Myriam Delay, the woman at the centre of what was thought to be a massive child prostitution ring based at her home in Outreau outside the port of Boulogne-sur-Mer, cracked Tuesday, recanting her version of events.

"I'm sick, I'm a liar, I lied about everything! Why? Because I went along with the children," she told the court in Saint-Omer, provoking sobs from the shell-shocked defendants' bench.

For four years, the case has been building against Delay and her husband Thierry. Along with 15 others they went on trial two weeks ago for the gang rape over a five-year period of 18 children - aged three to 12 at the time.

Now the families of the falsely accused are furious that only one defendant has been released from jail, and have questioned how the men and women will rebuild their lives smeared by scandal and shattered by imprisonment.

Some of the defendants, aged 24 to 67, were charged in addition to paedophilia with committing torture and barbaric acts during the alleged sex sessions that took place in the Delay apartment in a rundown housing block in Outreau.

One of the accused committed suicide in prison before the case came to trial.
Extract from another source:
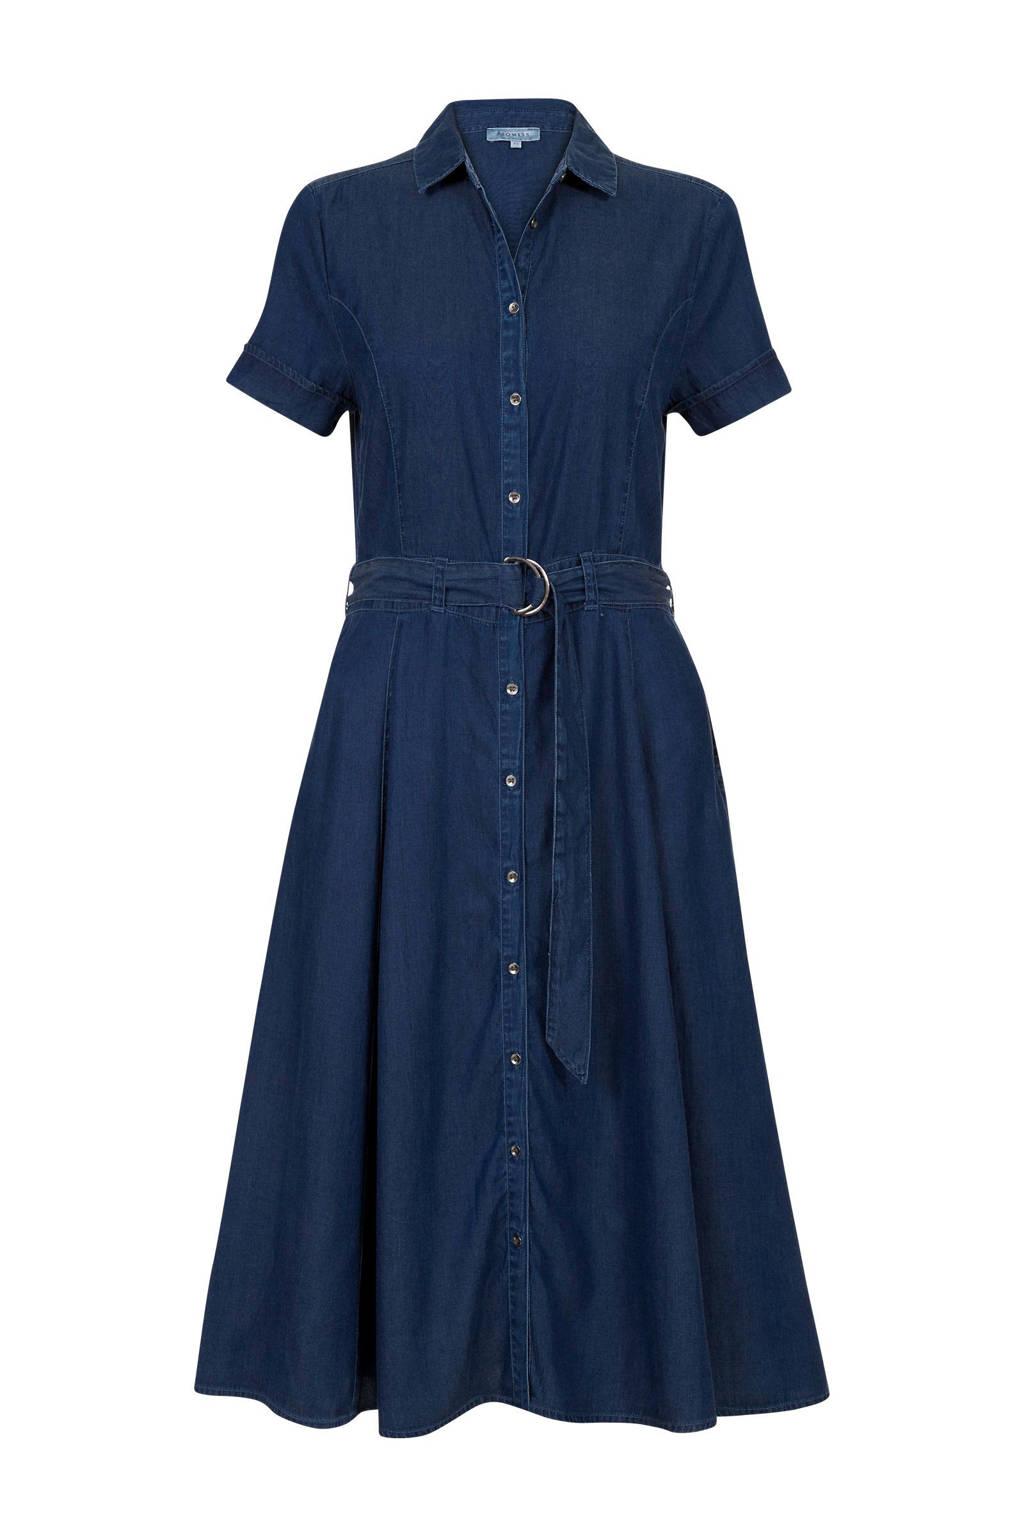 Promiss blousejurk met ceintuur donkerblauw, Donkerblauw

Delay and her husband have admitted to raping their own four children, but claimed their children and other area youths had been passed around for sex among other members of the community, including a bailiff and a priest.

The minors, once they had been placed in foster care, told investigators they had been fondled, raped, coerced into performing sex acts and forced to watch pornographic films, and named other individuals involved.

But their testimony was riddled with inconsistencies from the outset.

Moreover, most of the defendants vehemently and repeatedly denied any involvement, but prosecutors pressed ahead with the case.

Aurelie Grenon, the Delays' neighbor, also retracted her accusations against the 13 defendants, saying: "Well, when I accused those people, it was because I heard Myriam name them, and I know that's not right. She asked me to."

Grenon and her former boyfriend David Delplanque had admitted to raping the Delay children over a four-month period in 1998.

On Wednesday, in another dramatic reversal, however, Grenon tried to back out of former confessions, saying she and Delplanque were innocent."I never touched a child. I would not be capable of doing it."

Delplanque contradicted that testimony, saying she had indeed participated in the group rapes of the Delay children.

Following the bombshell in the courtroom this week, the accused and their families have questioned when they will be freed and how the justice system could have failed them so utterly.

Only Sandrine Lavier, 27, was freed on Wednesday after the dramatic confessions. Family for seven others interrupted the hearing, screaming
"Scandal!" "Justice for the rich!" "Shame!" and "Rotten!" inside the courthouse.

Following the ruckus, head judge Jean-Claude Monnier adjourned the trial until Monday.

"This is the unfortunate confirmation of a diabolical legal blunder," Hubert Delarue, lawyer for Alain Marecaux, said Wednesday.

"This case proves that the legal system is on its last legs, as we have now seen the total negation of any presumption of innocence," he added.

Myriam Delay confirmed her statements on Wednesday, meaning that 13 of the 17 defendants are likely to be acquitted when a verdict is handed down in early June.

But legal experts said they were being held while the court waits for further proof of their probable innocence.

Lawyers for the defense have also condemned what they called the presumption of guilt of judges, who took the statements of the Delay children at face value and believed in the theory of a large paedophilia network.

If found innocent, the 13 defendants could then file for compensation.

French Justice Minister Dominique Perben on Wednesday made a rare comment about an ongoing trial, saying: "If, once the trial is finished, it seems that there have been serious errors, of course they will have to be reviewed and, as much as possible, we'll have to see to it that wrongs are put right."